All lines from the one containing "Kill Team 2nd" through the end of the material are to be given back exactly, without pictures.

COLLECTED MATERIAL →
──────

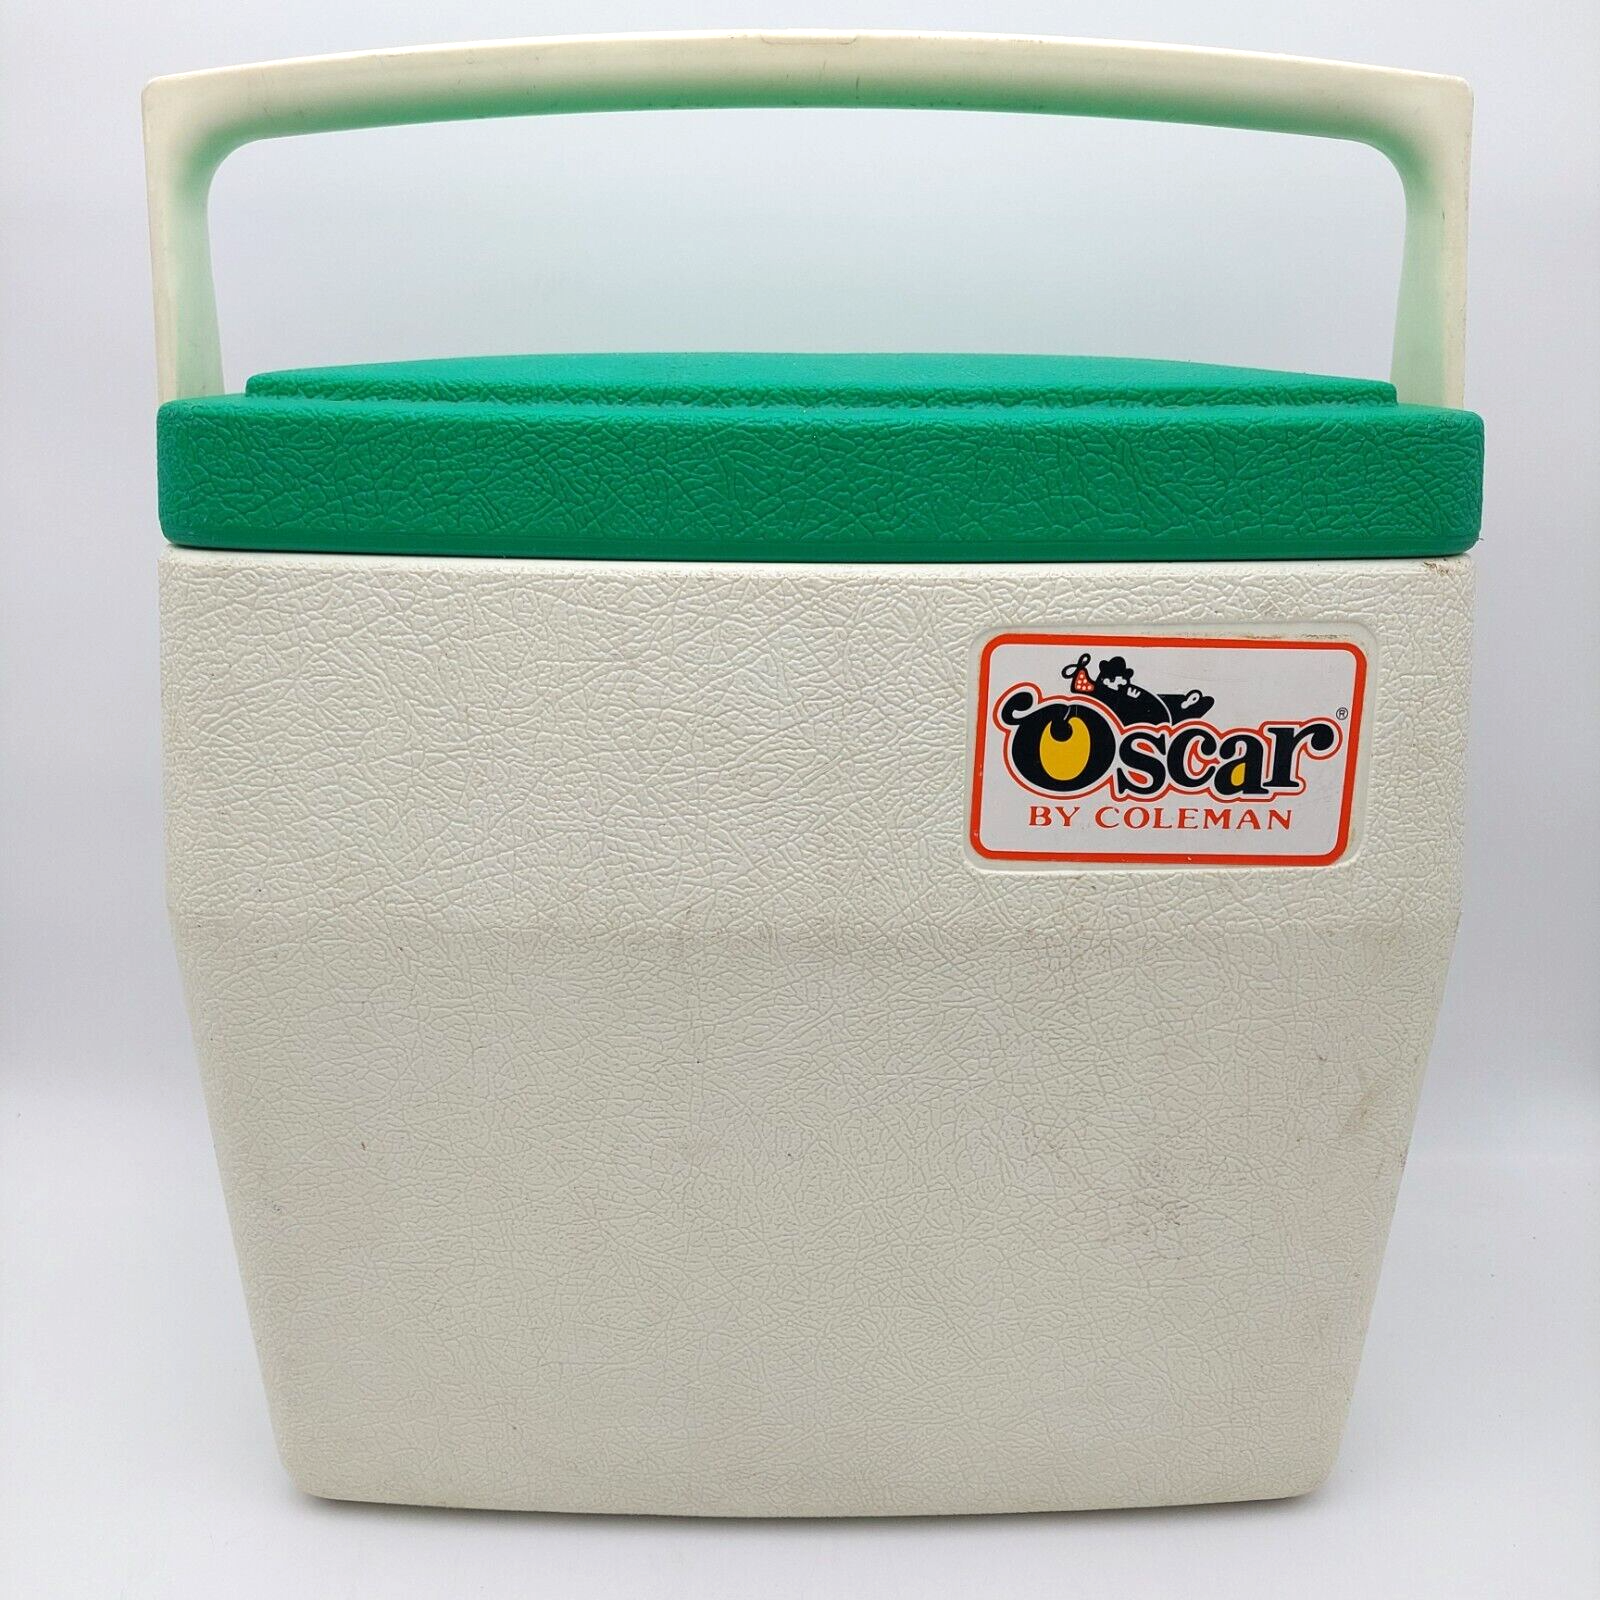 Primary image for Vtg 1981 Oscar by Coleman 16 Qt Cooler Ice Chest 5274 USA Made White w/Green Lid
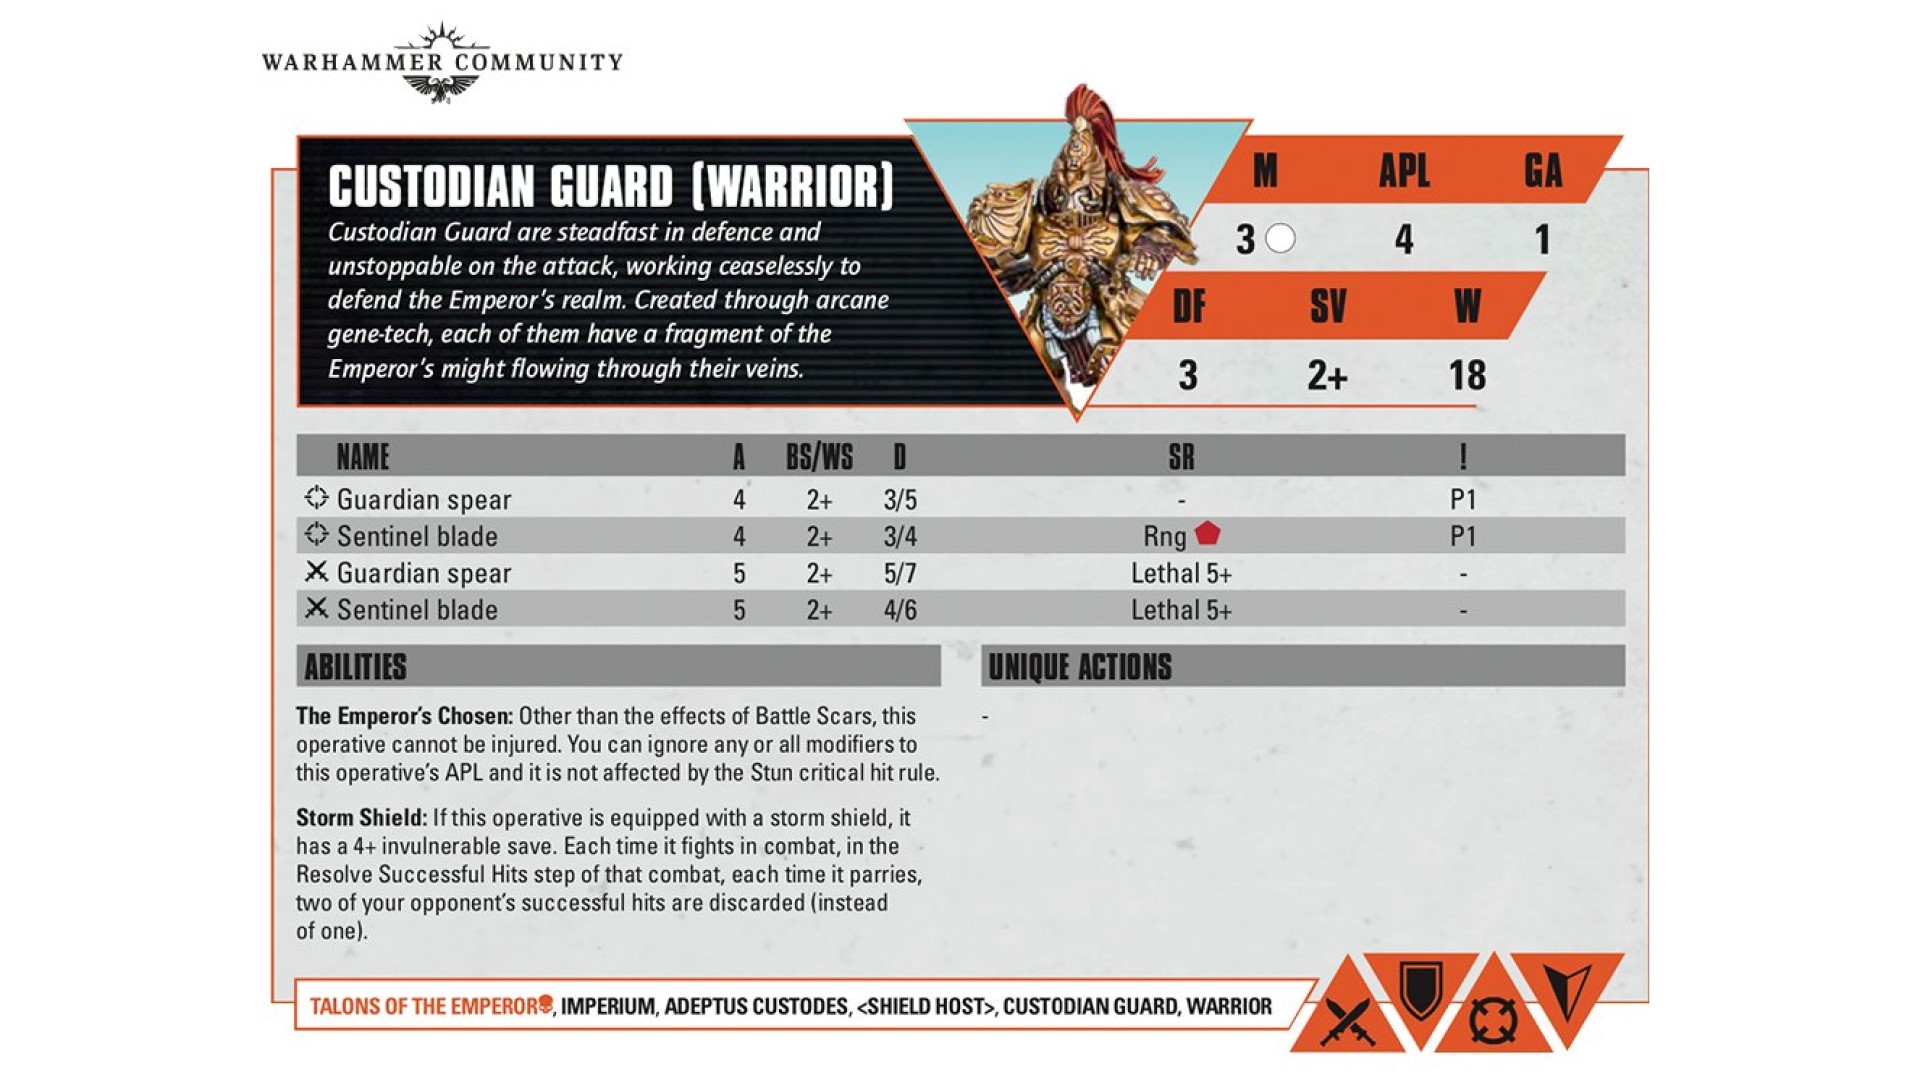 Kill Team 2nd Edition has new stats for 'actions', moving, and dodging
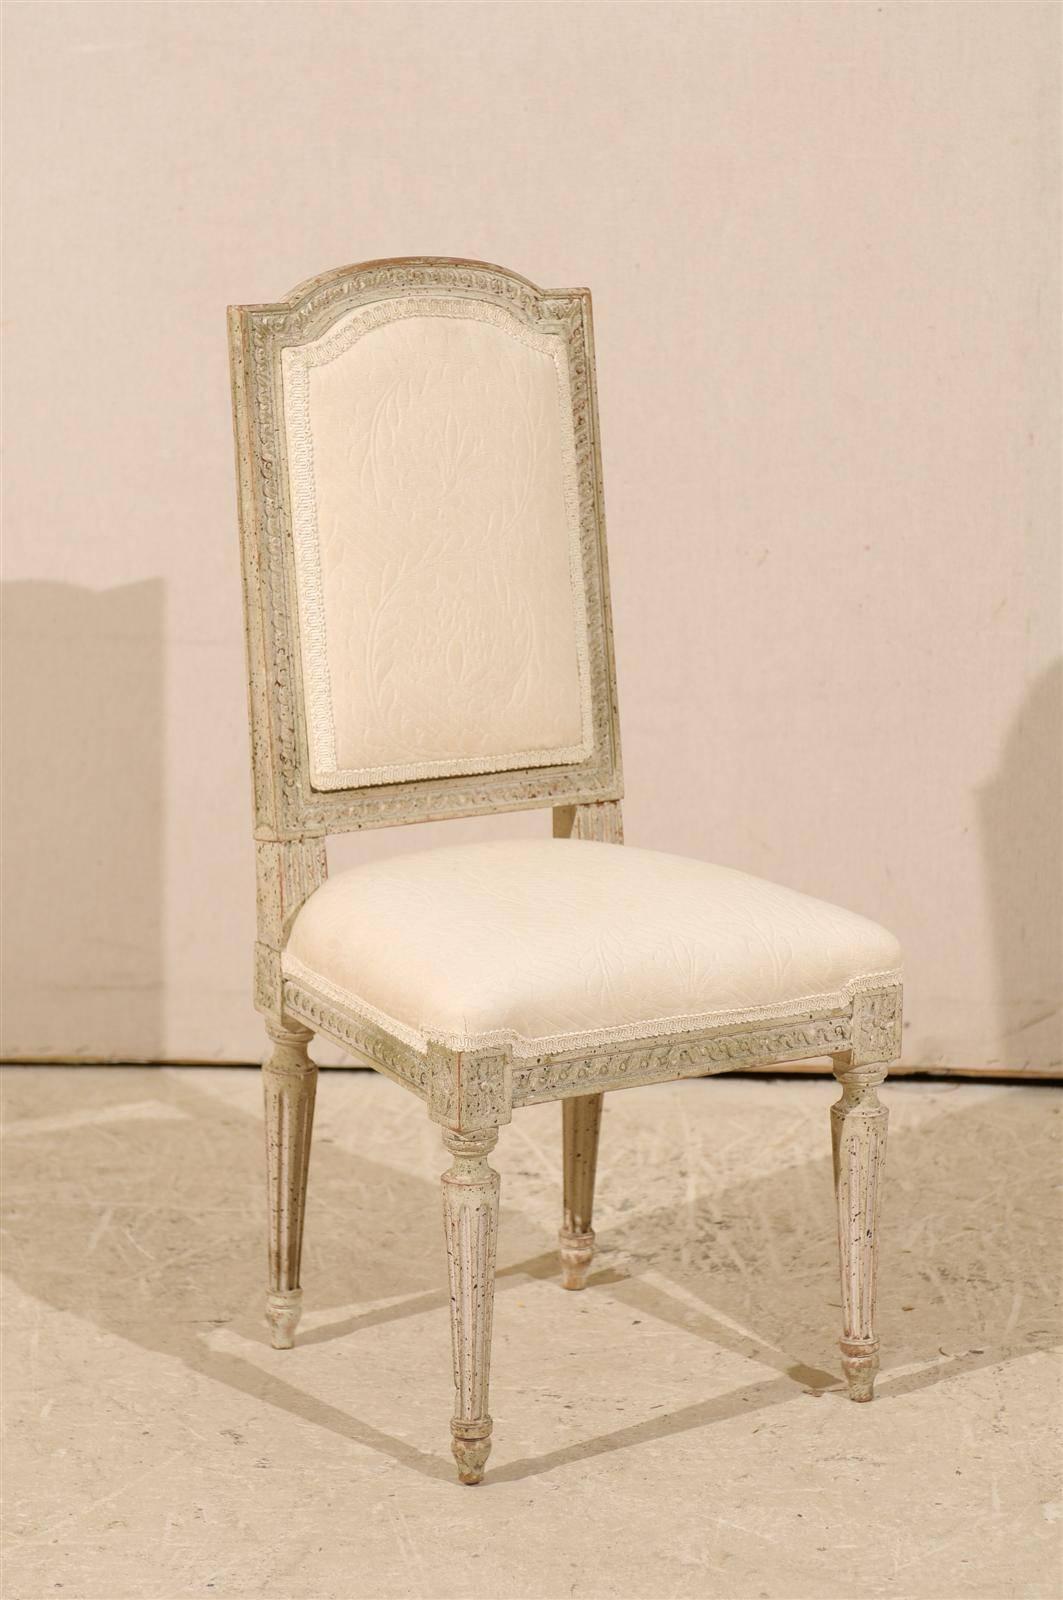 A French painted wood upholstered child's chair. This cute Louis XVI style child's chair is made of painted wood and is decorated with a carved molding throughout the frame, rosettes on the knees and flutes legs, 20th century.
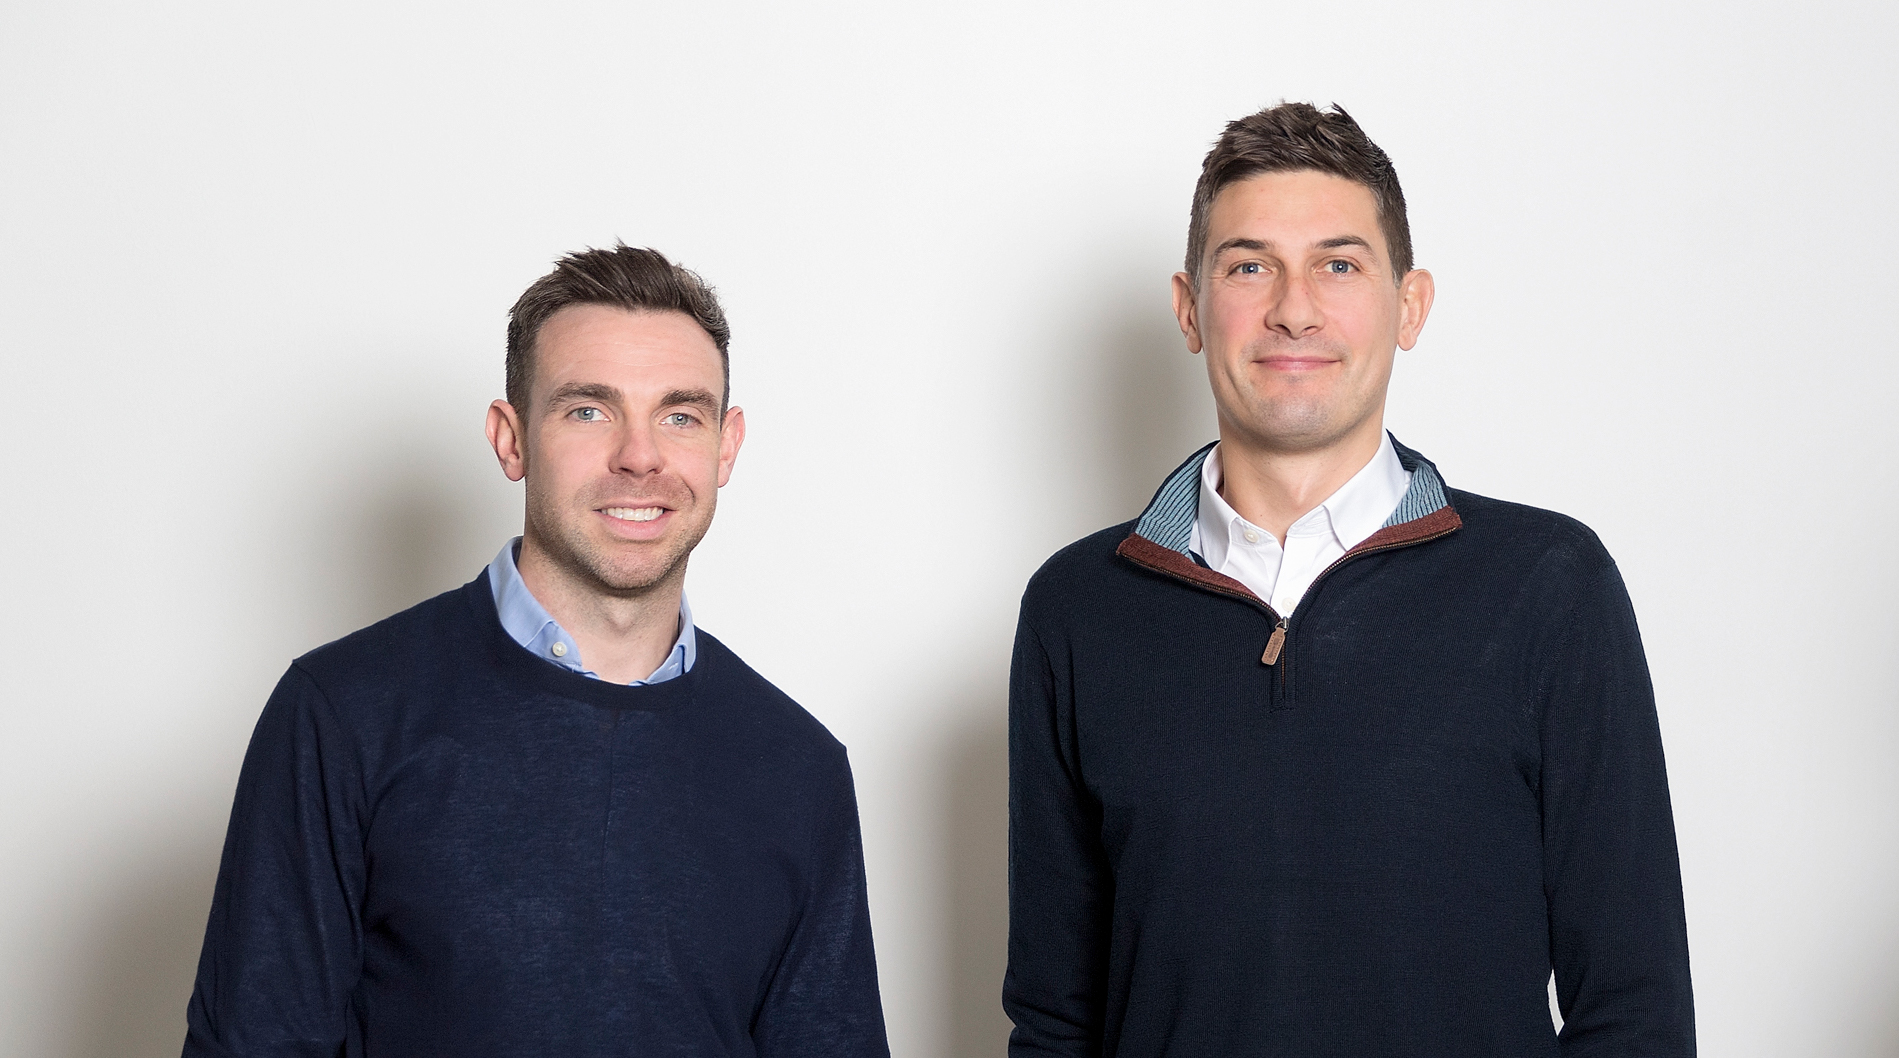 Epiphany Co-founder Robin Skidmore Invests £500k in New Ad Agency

──────

ANSWER FOR THIS EXERCISE →
 Kill Team 2nd Edition has new stats for 'actions', moving, and dodging
 A French painted wood upholstered child's chair. This cute Louis XVI style child's chair is made of painted wood and is decorated with a carved molding throughout the frame, rosettes on the knees and flutes legs, 20th century.
 Epiphany Co-founder Robin Skidmore Invests £500k in New Ad Agency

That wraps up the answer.